Most people that use these tools told me TLA+ and Alloy do different things with their automated tooling. They usually say TLA+ looks at ordering of things with Alloy looking at structuring. I only found a few people comparing them directly, though. Do you have a resource showing TLA+ does same thing as Alloy or as easily?
Re SPIN
Im saying they were used similarly. You wrote in one artocle like set theory, model-checking for temporal errors, and so on are new. That was the default in high-assurance decades ago using things like Z specs with SPIN for concurrency. Then, they tried to go for verifying high-level code, then rough code, code then assembly, and so on with refinement proofs. However, it started with algorithmic verification with specs in set theory, first-order logic, and ASM's. Writeups like yours tell me Lamport's concept was to similarly use those easier formalisms leaving off anything but the algorithm. Then add more automation to get more bang for buck for more developers. A good idea since the subset of that which Z and SPIN offered had already prevented serious, sometimes deep, errors in prior systems.
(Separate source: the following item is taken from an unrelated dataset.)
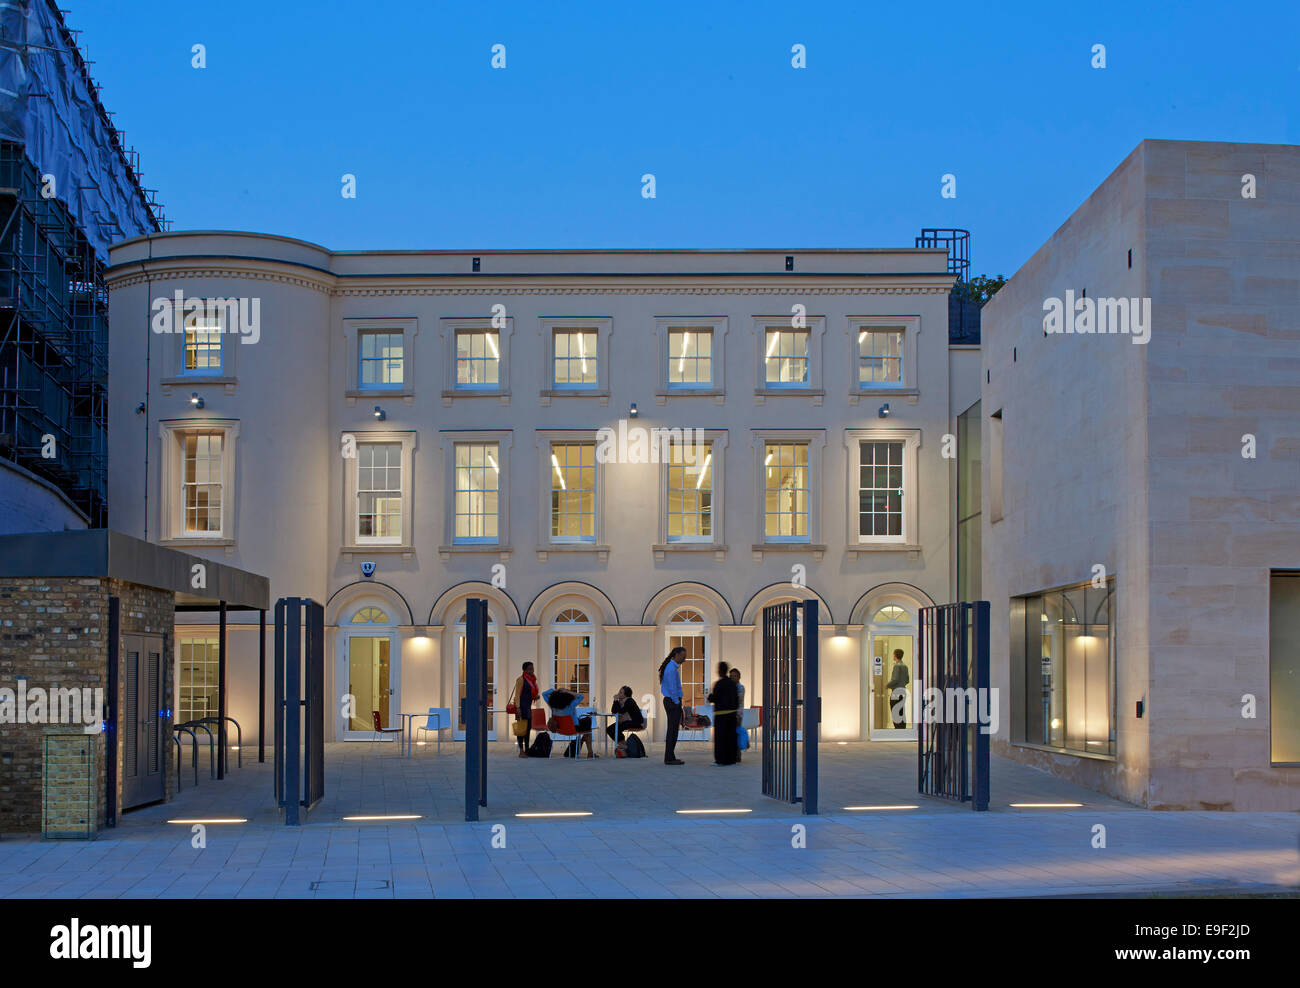 Nero archivi culturali (BCA), Londra, Regno Unito. Architetto: Pringle Richards Sharratt Ltd, 2014. Foto Stock

Now, far as SPIN, it was used to chech the properties of concurrency models, hardware specs, caching, protocols, standards, and distributed systems. Industry found bugs in all these things using it with relatively little training vs other methods that required rare specialists. Sound familiar? TLA+ now shows up as tool of choice for quite a few of those areas with SPIN still used a lot due to maturity & being well-known. That's why I said they're similar: people are specifying and model checking similar things with them similarly with much less effort than provers.
The easier proving on TLA+ and high-level nature are real benefits ovee SPIN. It's why I recommend TLA+. ;)
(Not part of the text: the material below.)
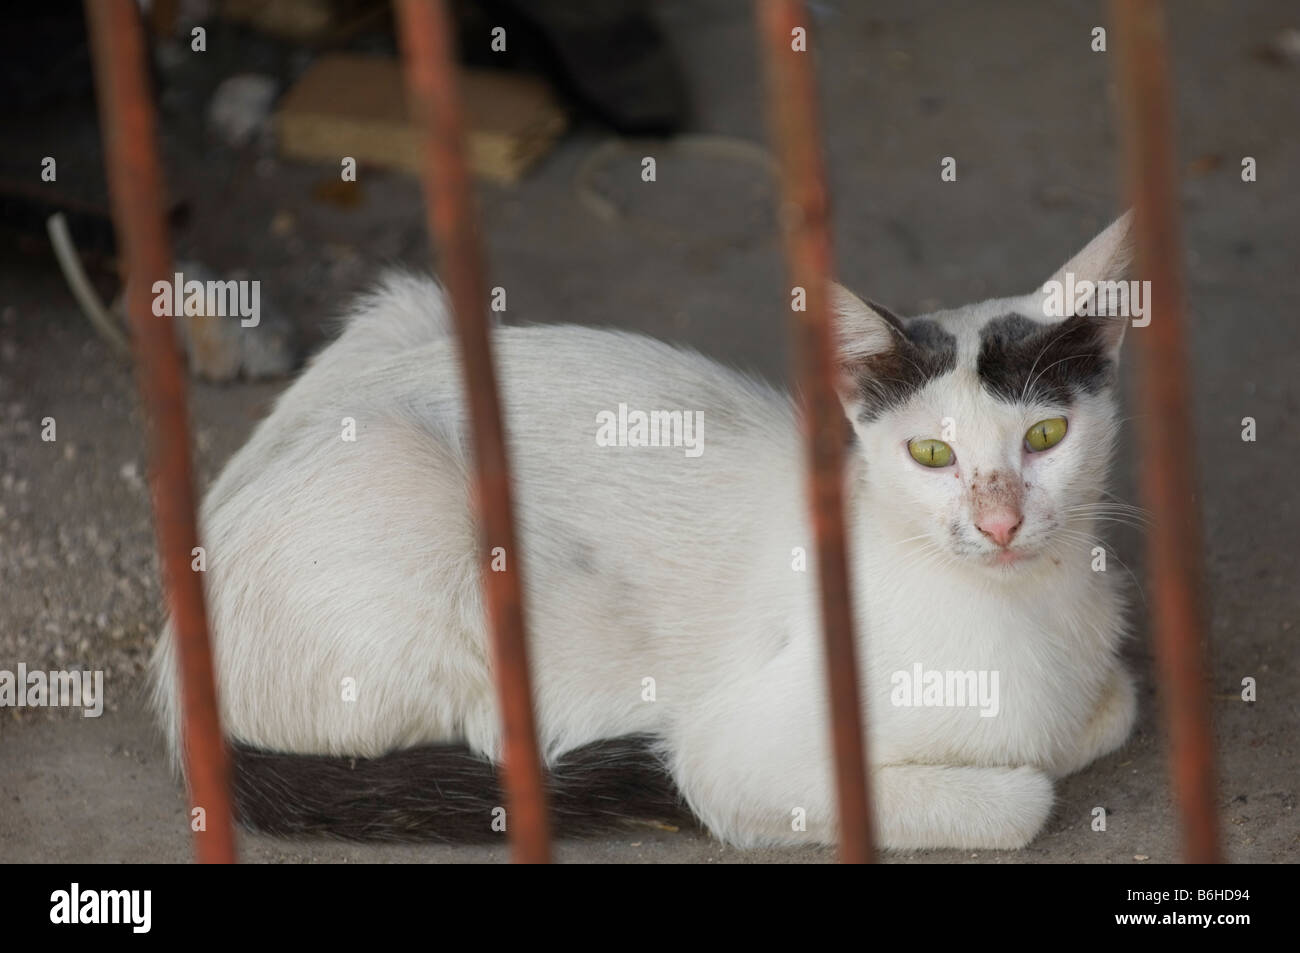 White street cat behind bars Stock Photo

> Do you have a resource showing TLA+ does same thing as Alloy or as easily?
See, Why Amazon Chose TLA+[1]. They found Alloy pleasant enough but a bit weirder than TLA+, and TLA+ is richer in terms of expressivity and features. I learned Alloy and played with it after knowing TLA+ well, and while I think it is an extremely nice and useful tool (although its syntax is indeed weird), it is absolutely trivial to express anything you can in Alloy in TLA+, and that's without even TLA (i.e., just the +). Their tooling is a bit different, so I guess there may be cases where Alloy would be more convenient even if you already know TLA+.
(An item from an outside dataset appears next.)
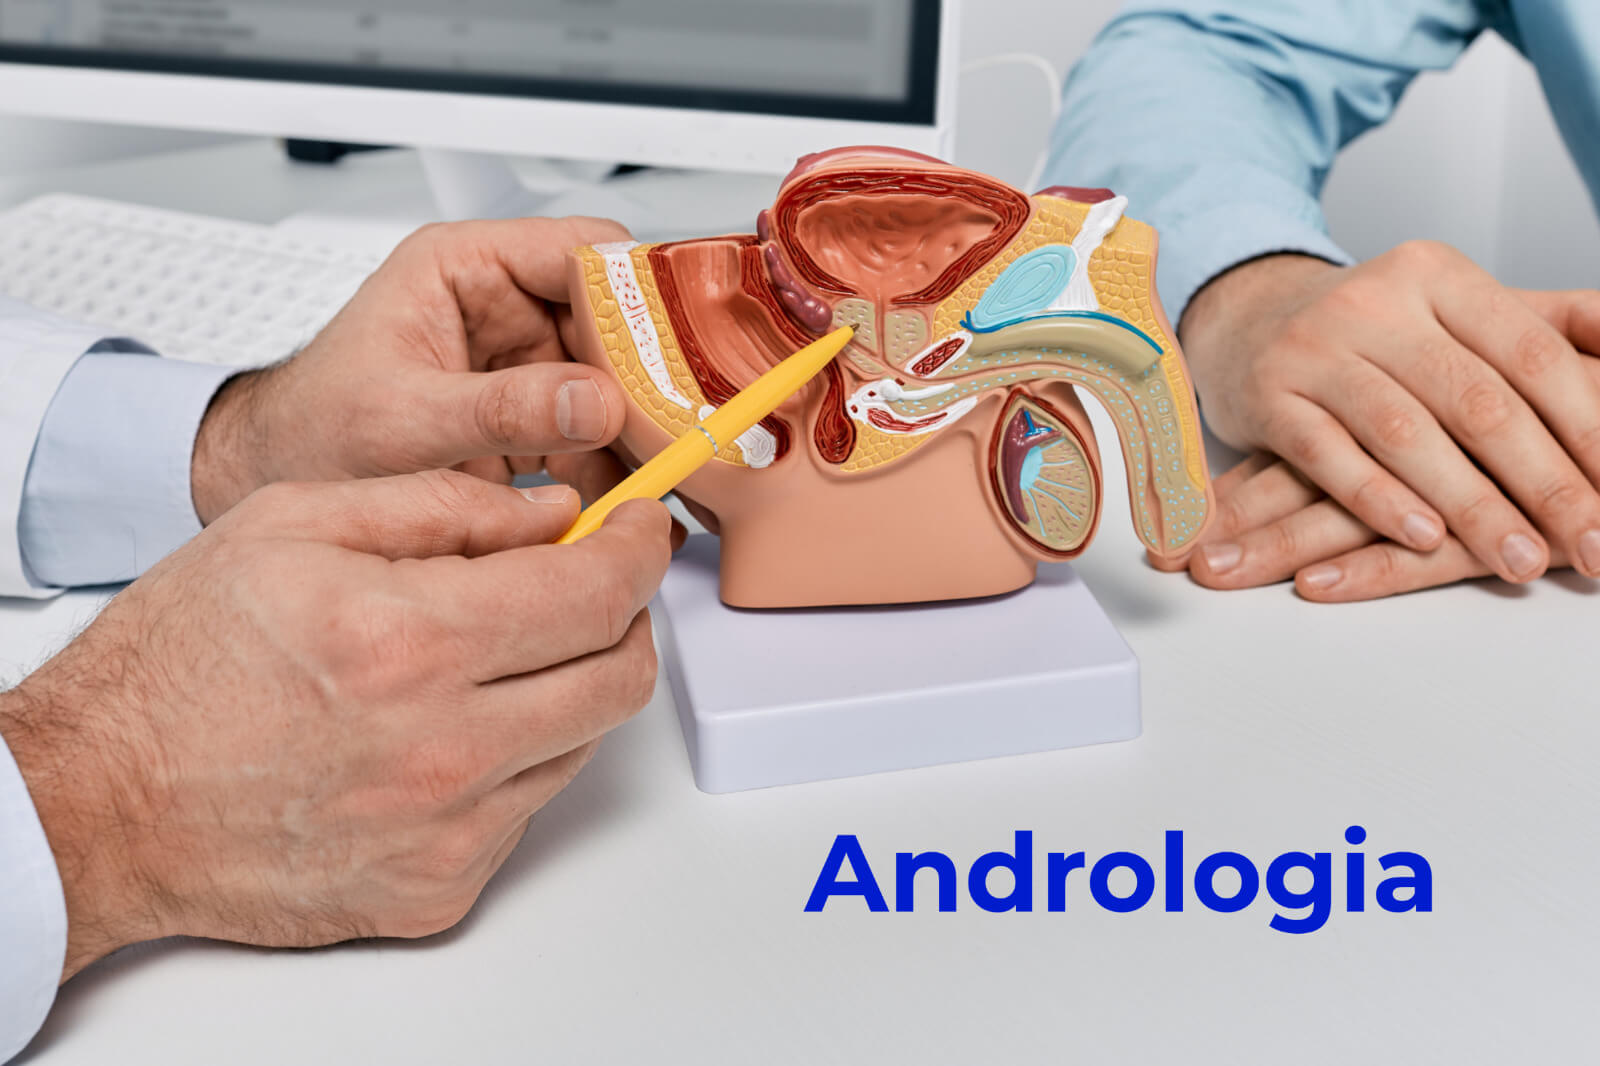 Quais são as principais condições tratadas na andrologia? - Urologista Maringá

> Im saying they were used similarly. ...
Yeah. Deep formal methods are, in general, much more similar to one another than they are different.
The only in-depth study I know about is "Alloy meets TLA+".[1] Their conclusion was that Alloy is much more flexible and easier to use _unless_ your system is dynamic, because you have to manually model time in Alloy.
Design verification using TLA+ and Alloy is a completely different game than verification at the level of code as in Verdi. While there are plenty of studies saying design verification is good in general, I'm not aware of any studies saying that (or quantifying to what degree) it gets you close to implementation verification. On the flip side, the classic paper on the implementation of Paxos hints at just at how wide the gap is between design and running systems: https://research.google.com/archive/paxos_made_live.html
While Frama-C style verification works well out-of-the-box for proving single-threaded, isolated programs correct, one has to make a major effort to capture assumption-heavy distributed systems behavior using ghost code and other tricks. The only effort I'm aware of in this direction is the following, which uses the VCC tool: http://madhu.cs.illinois.edu/evcons.pdf
These will get you close to full verification with less work. Each of the three languages has been used in a lots of CompSci and industrial work. Note that SPIN is similar to TLA+ and you can Google its industrial use for ideas of TLA+ power in concurrency analysis.